▶ _Records provided_:
***
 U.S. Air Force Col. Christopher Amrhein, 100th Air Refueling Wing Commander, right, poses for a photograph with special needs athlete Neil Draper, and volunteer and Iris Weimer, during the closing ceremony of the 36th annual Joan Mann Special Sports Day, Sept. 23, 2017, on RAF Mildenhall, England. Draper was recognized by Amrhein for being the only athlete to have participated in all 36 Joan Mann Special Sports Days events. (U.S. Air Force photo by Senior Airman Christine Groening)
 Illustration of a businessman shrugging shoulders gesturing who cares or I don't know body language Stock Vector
***
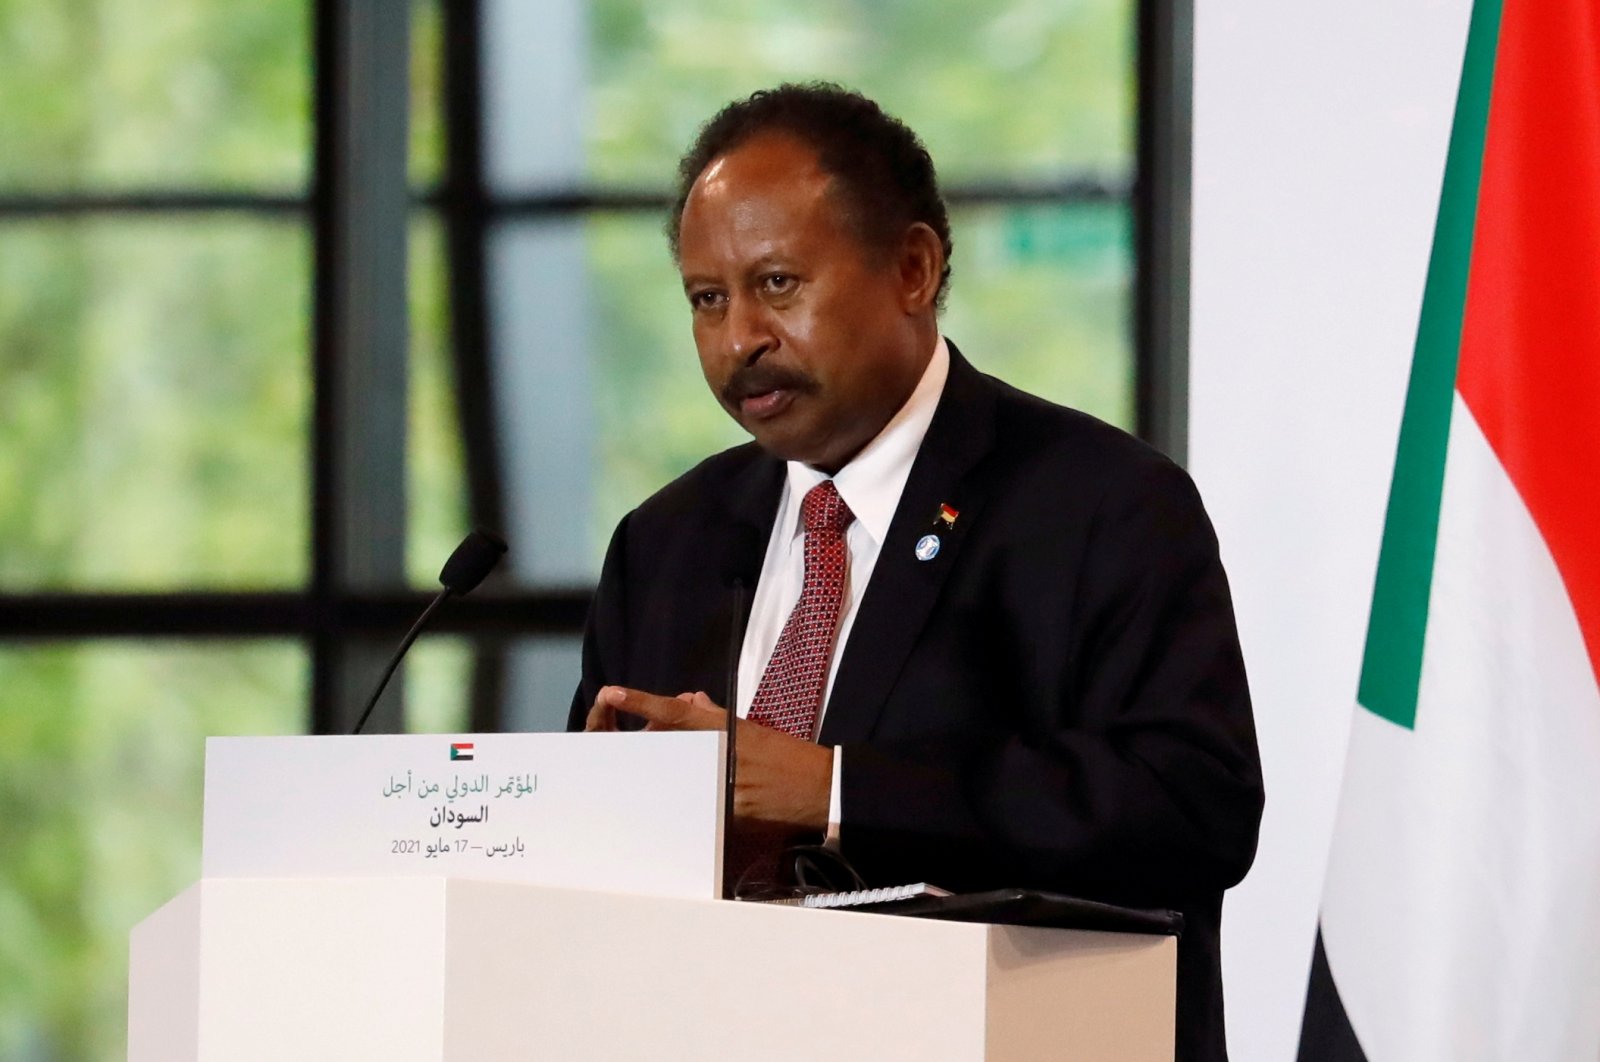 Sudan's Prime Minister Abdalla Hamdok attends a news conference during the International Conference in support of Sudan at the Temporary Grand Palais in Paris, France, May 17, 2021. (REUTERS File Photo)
***
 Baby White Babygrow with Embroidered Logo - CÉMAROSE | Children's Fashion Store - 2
***
The string "with" may occur in the listing; show every line where it does.

▶ _Task solution_:
 U.S. Air Force Col. Christopher Amrhein, 100th Air Refueling Wing Commander, right, poses for a photograph with special needs athlete Neil Draper, and volunteer and Iris Weimer, during the closing ceremony of the 36th annual Joan Mann Special Sports Day, Sept. 23, 2017, on RAF Mildenhall, England. Draper was recognized by Amrhein for being the only athlete to have participated in all 36 Joan Mann Special Sports Days events. (U.S. Air Force photo by Senior Airman Christine Groening)
 Baby White Babygrow with Embroidered Logo - CÉMAROSE | Children's Fashion Store - 2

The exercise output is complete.